Thursday, June 14, 2007

Micro-Assessment vs Project-Based Learning

A while back, Christian from think:lab posted a bit about a new kind of "micro-assessment" that reminded me of a conversation conversation I had with a teacher friend a week or two before. I left a few comments over there, but wanted to include the original story here as well, because it goes to the root of my issues with the type of curriculum that currently drives the education system (and the assessment that goes with the curriculum). Anyway, here's the story:

He was telling me about this new grading system he's implemented -- identical to what is described here. Every test broken down into its component learning outcomes, with remedial steps and re-tests only on the parts the students haven't performed well on. At first I was thinking, "wow, pretty innovative and individualized." Then the reality of it hit me, and I blurted out, "that's pretty much the opposite of my educational philosophy!"

He was stunned, because he's made a bit of a splash in his division with this system(of course the administrators adore it, the teachers...not so much). It helps individualize assessment, yes, but the entire focus to ensure that students perform well on the standardized test, covering all areas of the standardized curriculum. It's a "better" way to do something that I don't think should be done at all.

So my friend was a bit irritated with me, understandably, and he asked what I would propose with my opposite educational philosophy. So I described, off-the-cuff, what I would like.

I want students to arrive in his classroom in September and sit down individually with him to figure out the overlap between his abilities/knowledge as a coach and their interests in the subject. Not doing away with disciplines, necessarily -- he's still a history teacher. But maybe the course is called World War 2 (because that's his area of passionate historical interest), and maybe the students' goal is to study some aspect of it that topic interests them...maybe two projects for the whole year that have to be somewhat different. Go REAL deep on one or two things they care about and really DO history, learning the skills of investigation, research and collaborative work.
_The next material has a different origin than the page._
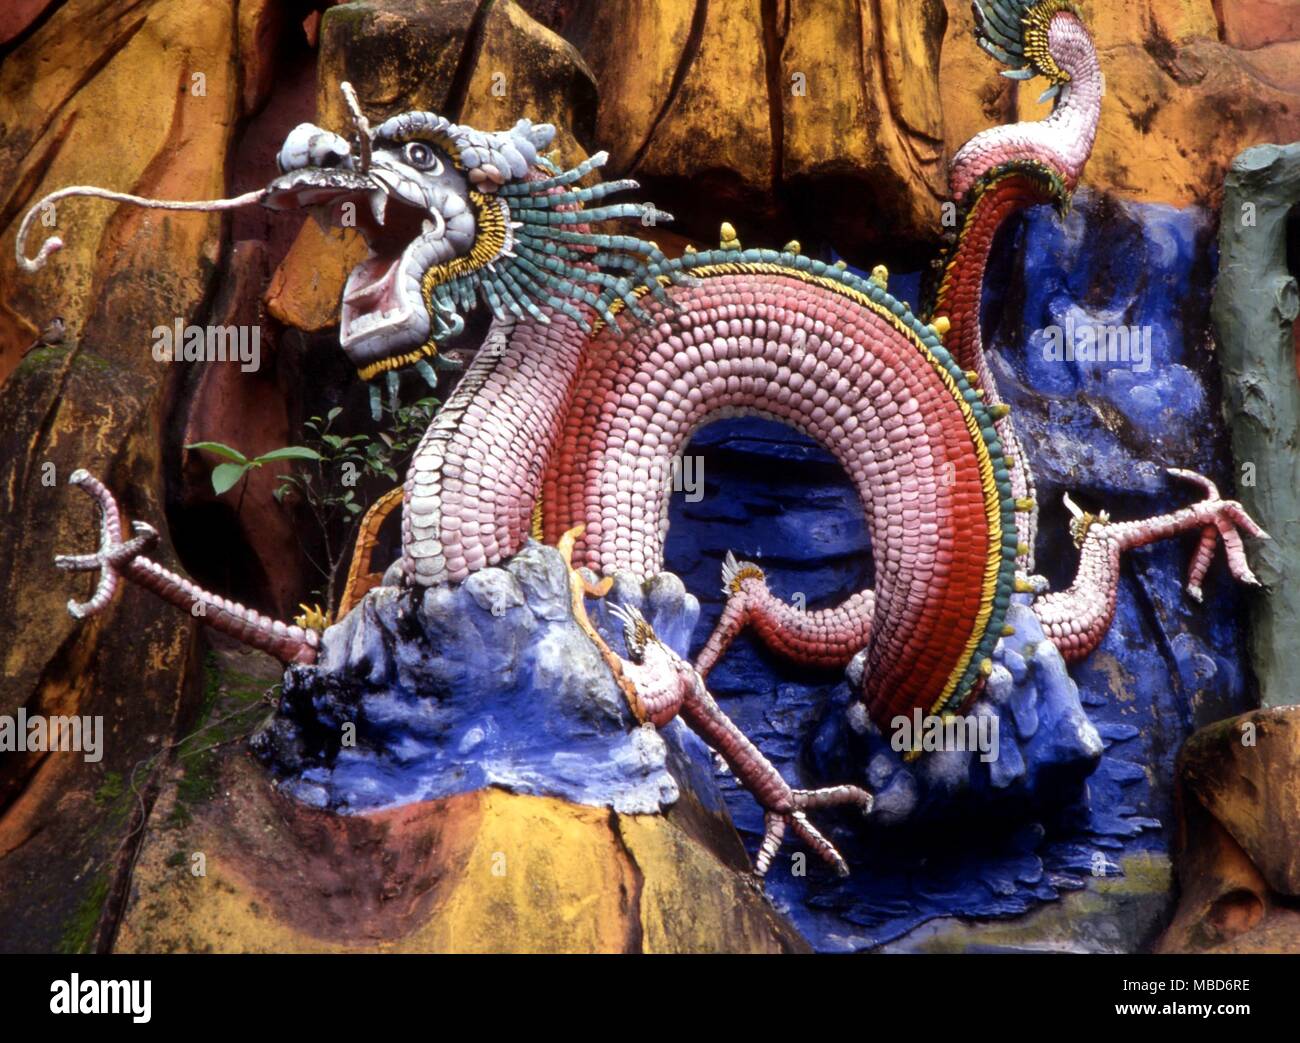 Drago - ceramica enorme dragone cinese impostata in corrispondenza di una delle pareti di Haw Par Villa Park di Hong Kong Foto Stock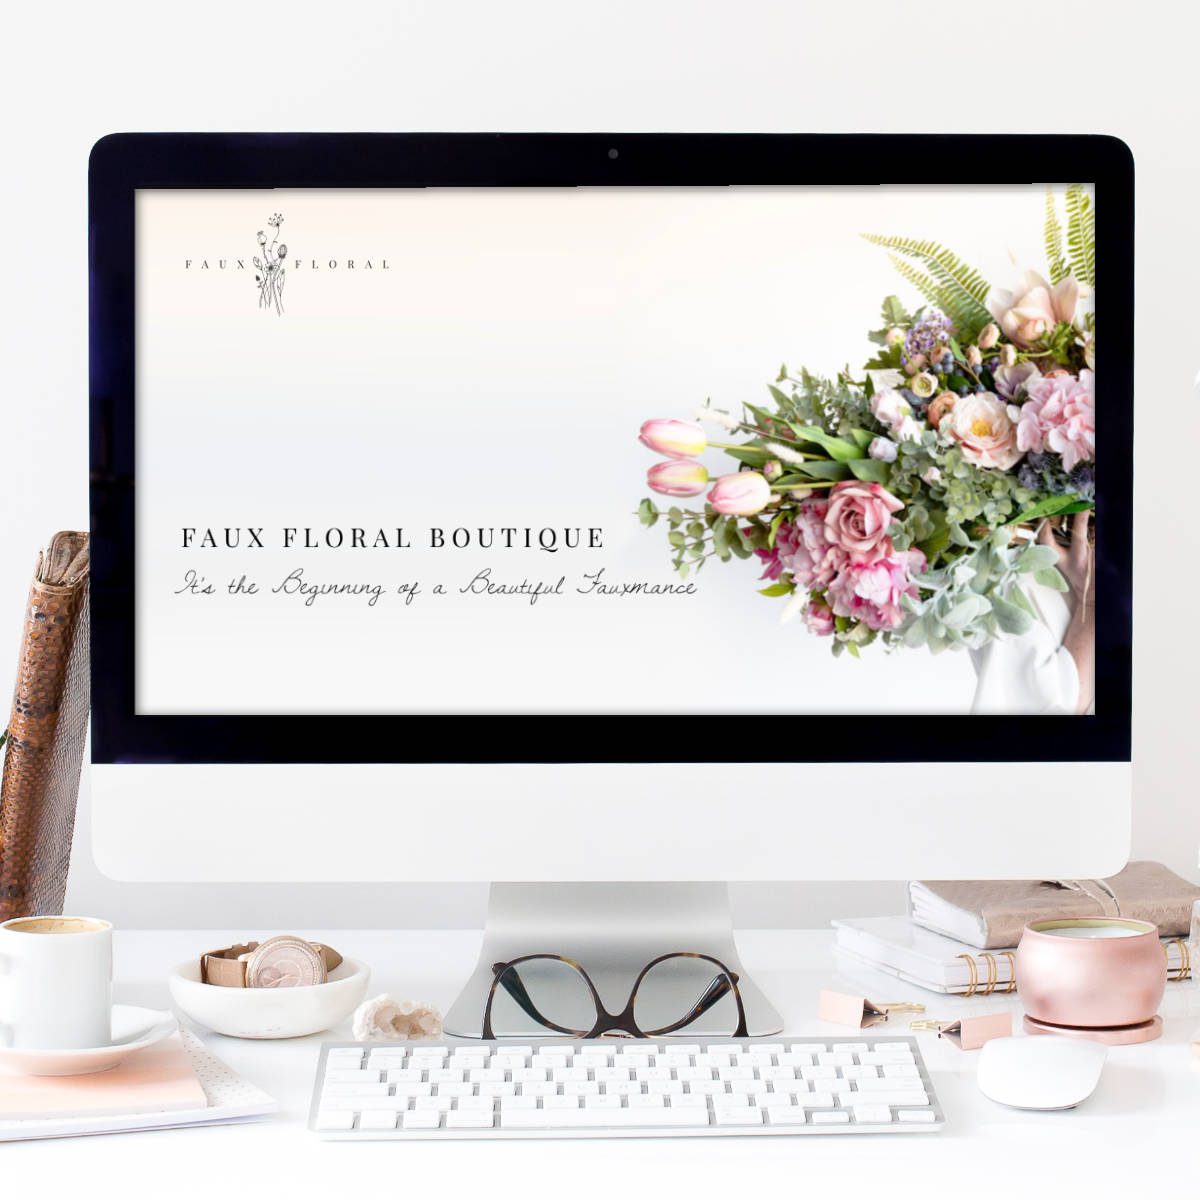 Oliver-Spence-Creative Website Design Faux Floral 2

Let them work together. Let them choose how they want to present their findings. Give them great resources and teach them how to use them.

He looked skeptical as I started talking, but I saw the lights coming on...and then he interrupted me: "I've done exactly that before."

So I questioned him on it, and he used to do a unit on land mines -- basically chucked the curriculum for a month and let students explore the topic of land mines through whatever lens they chose, and had them present to the class. He said he learned more from those presentations than he ever learned in school. One techie-type kid researched the cutting-edge of land-mine detection using different frequencies of radio waves. A kid who was really into animals discovered a reabilitation program for elephants injured by mines in war-torn regions. Another who liked working with his hands learned everything he could about the actual construction and technology used in the mines themselves, building a scale model of his own. Another looked at the medical and economic challenges facing amputees injured by mines.

So instead of crafting individualized strategies for acing the test (covering 487 topics at the shallowest depth possible), he got 30 entirely different projects, each with a focus reflecting the motivation and interests of each student. Taken together, they covered the topic in a way that made the kids care about history and geography, curious about geopolitics, and wanting to know more. Assessment took care of itself because they were truly engaged. No need for micro-re-tests because what they presented reflected something they cared about.

Unfortunately, this teaching approach is nearly illegal, and people could argue that his students suffered (on their standardized tests) as a result...but which system would you rather have your kids learning in?

Wednesday, June 13, 2007

The Met School

Apparently there was some buzz about The Met school a couple of years ago, but I totally missed it. Sounds like a really cool learning model, emphasizing individualized programs for each student:
"No two students have the same curriculum. There are no bells, no 45-minute classes, and no one-size-fits-all curriculum. Rather than the ordinary top-down approach, where students learn everything in the order in which it's laid out in a textbook, we build a personalized learning plan around each student's needs, interests, and passions."
Many of the elements they've selected from the buffet table of methodologies and approaches are ones I've wished someone would assemble to see how it might all work together...and they've been doing it for years already: small schools, portfolio/presentation-based assessment, advisors who stay with the same small group of kids right through high school, community internships working on meaningful projects. The cool thing is that it's actually working, and other places are looking to emulate the best of what they're doing:
"Also in 2003, the Rhode Island Board of Regents issued new high school regulations declaring that by the spring of 2004 every public high school in the state would submit a plan to enact these policies. These new requirements come straight from The Met's design and include an advisory system, internships, individual learning plans, senior exhibitions and portfolios."
So there is hope that these ideas could lead to systemic change. Check out this list of articles about it from the mainstream media.

Update (July 17): Stephen links to Ewan McIntosh's post, which includes a video of a student talking about her experience at the school. The most interesting thing to me about The Met is that it's pretty radically different from traditional, but people respond well to it because it still looks like school -- it doesn't freak people out like the free-for-all approach of the Sudbury Schools. There's still a building kids go to, lots of paid grown-ups to help, and very specific (and stringent) standards to meet. Yet the pedagogical approach is revolutionary. So maybe this is a necessary half-step between old-school models and a new model with even more freedom, support and real learning.